Objective: To define the cost necessary to run an adult cochlear implant (CI) program, including assessment, subsequent implantation, and follow from the Canadian provincial government perspective.

Study design: Time-driven activity based costing (TDABC) of a CI program.

Setting: Adult provincial CI referral center.

Methods: Clinical scenario pathways were developed and verified with stakeholders. TDABC was then applied to all steps involved in the pathway. Costing was based on all patients referred to the CI program in 2019. All costs were calculated in Canadian (and American) dollars as of 2023.

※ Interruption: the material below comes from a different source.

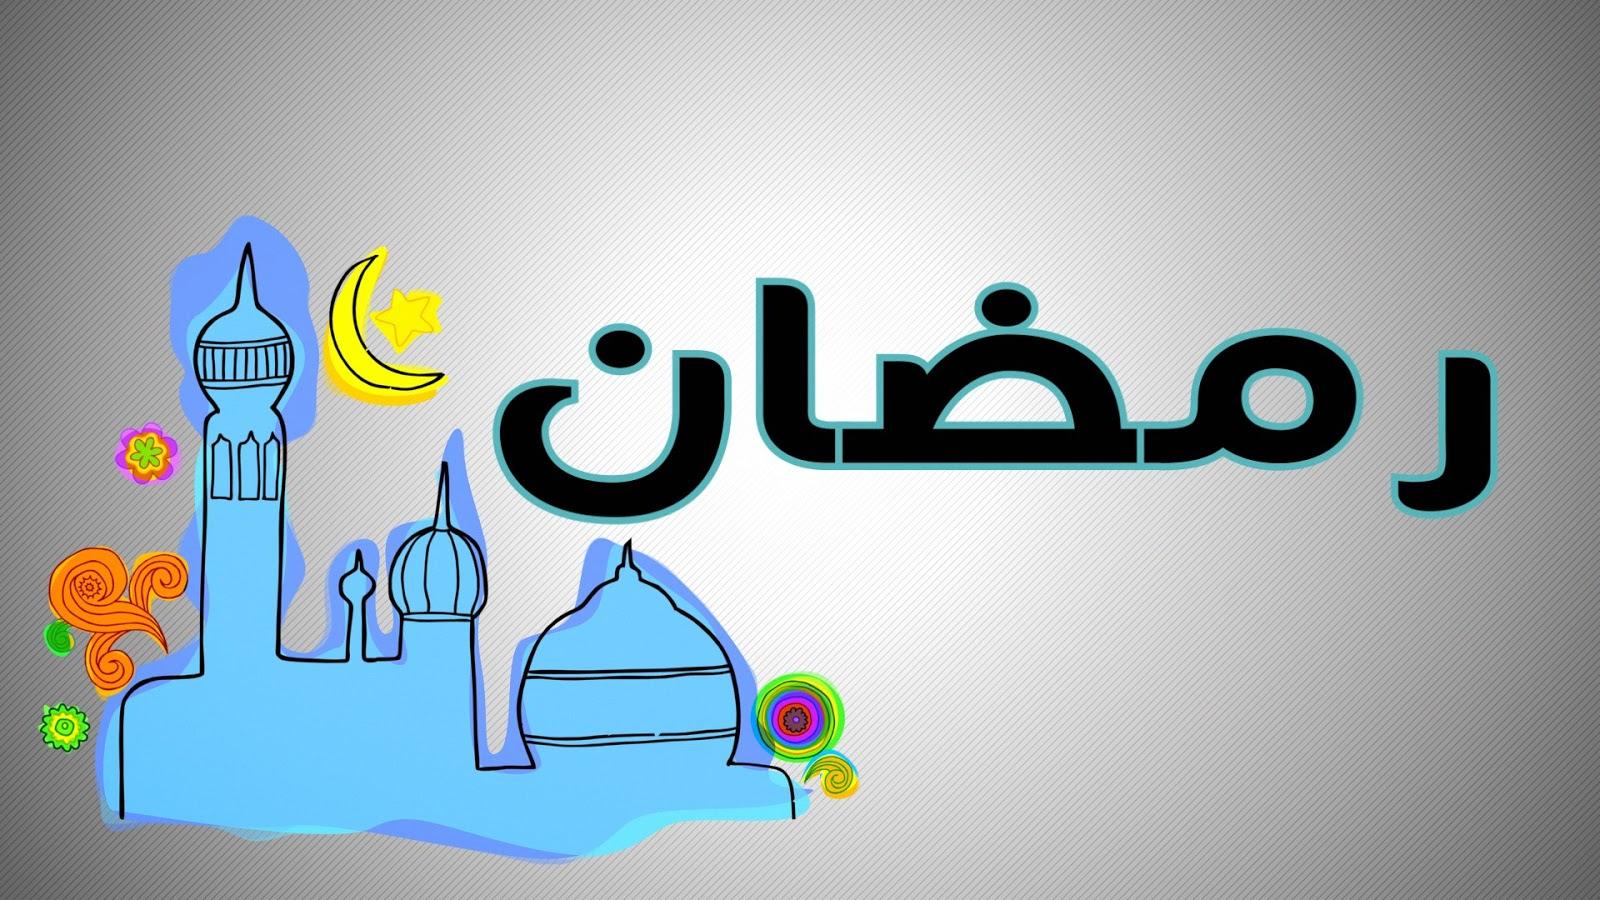 صورة فيديو عن رمضان , شاهد اجمل الفيديوهات عن رمضان

Results: This is the first TDABC model of a CI program to the authors knowledge. In 2019, 296 referrals were placed to our CI program and 154 were surgical candidates. The calculated total annual cost for patients referred in 2019 was $4.542 million ($3.365 million USD), or $29,511 ($21,865 USD) per patient implanted. The largest cost contributors to patient cycles were surgical day costs ($23,164 [$17,185 USD] for unilateral, $43,356 [$32,165 USD] for bilateral), switch-on day costs ($1068 [$791 USD] for unilateral, $1511 [$1120 USD] for bilateral), and audiological assessment costs ($692 [$512 USD]). The highest single cost on the pathway was due to the actual CI device when used. Across other patient steps, the highest costs were related to labor.

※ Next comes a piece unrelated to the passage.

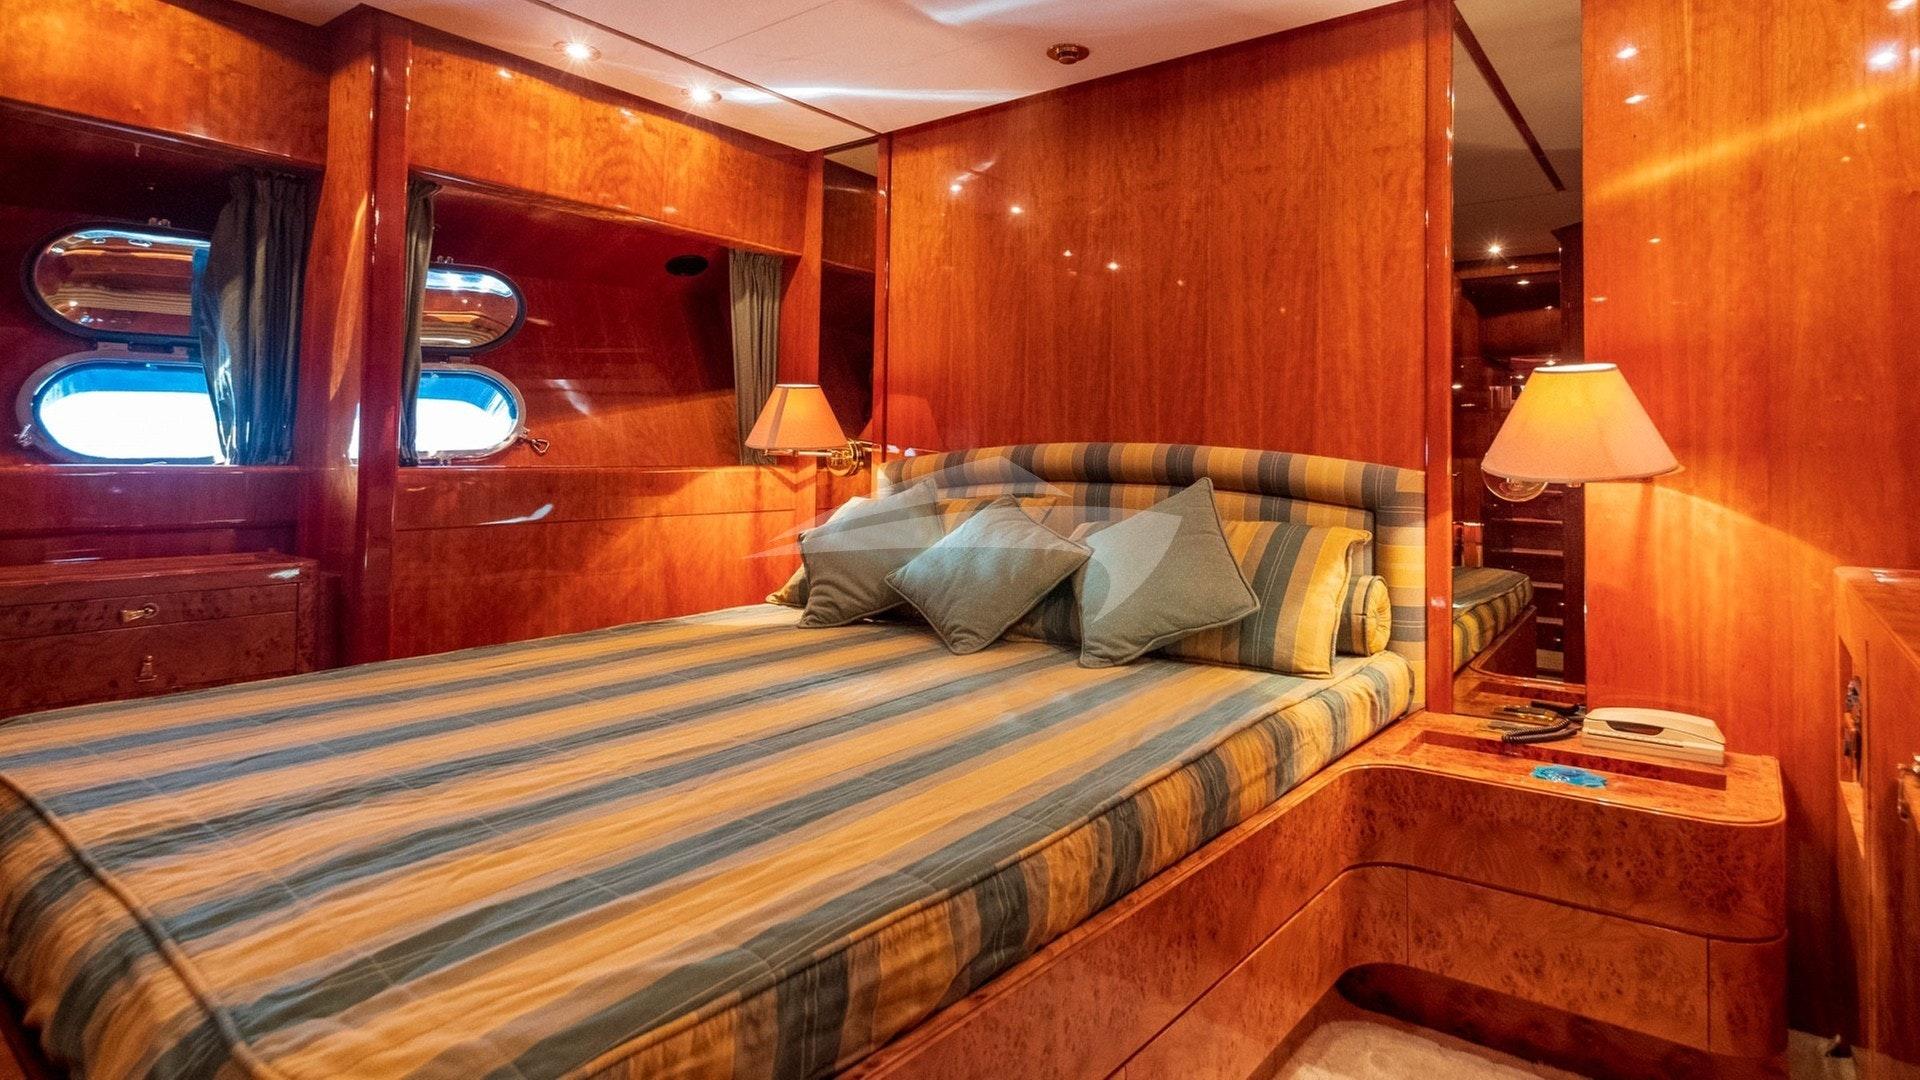 BarbarossaMoratti-SanLorenzo-72-VIP Cabin-01

Conclusion: This TDABC evaluation of a CI program found the annual cost required to meet all referrals was $4.542 million ($3.365 million USD), or $29,511 ($21,865 USD) per patient implanted. The highest single-cost was associated with the CI device itself.

加拿大年度人工耳蜗植入计划的时间驱动活动成本计算。
目的:从加拿大省级政府的角度确定运行成人人工耳蜗 (CI) 计划所需的成本,包括评估、后续植入和跟踪:从加拿大省政府的角度确定运行成人人工耳蜗 (CI) 计划(包括评估、后续植入和随访)所需的成本:研究设计:CI 项目的时间驱动活动成本计算(TDABC):环境:成人省级 CI 转诊中心:方法:制定临床情景路径,并与利益相关者进行验证。然后将 TDABC 应用于路径中涉及的所有步骤。成本计算基于 2019 年转诊至 CI 项目的所有患者。所有成本均以 2023 年的加(和美)元计算:据作者所知,这是首个 CI 项目的 TDABC 模型。2019 年,我们的 CI 项目共收到 296 例转诊,其中 154 例为手术候选者。经计算,2019 年转介患者的年度总成本为 454.2 万美元(约合 336.5 万美元),即每位植入患者的成本为 29511 美元(约合 21865 美元)。对患者周期成本贡献最大的是手术日成本(单侧为 23,164 美元 [17,185 美元],双侧为 43,356 美元 [32,165 美元])、开机日成本(单侧为 1068 美元 [791 美元],双侧为 1511 美元 [1120 美元])和听力评估成本(692 美元 [512 美元])。路径中最高的单项费用是实际使用 CI 设备的费用。在患者的其他治疗步骤中,人工费用最高:TDABC 对 CI 项目的评估发现,满足所有转诊要求所需的年度成本为 454.2 万美元(336.5 万美元),即每位植入患者的成本为 29511 美元(21865 美元)。最高的单项成本与 CI 设备本身有关。
本文章由计算机程序翻译,如有差异,请以英文原文为准。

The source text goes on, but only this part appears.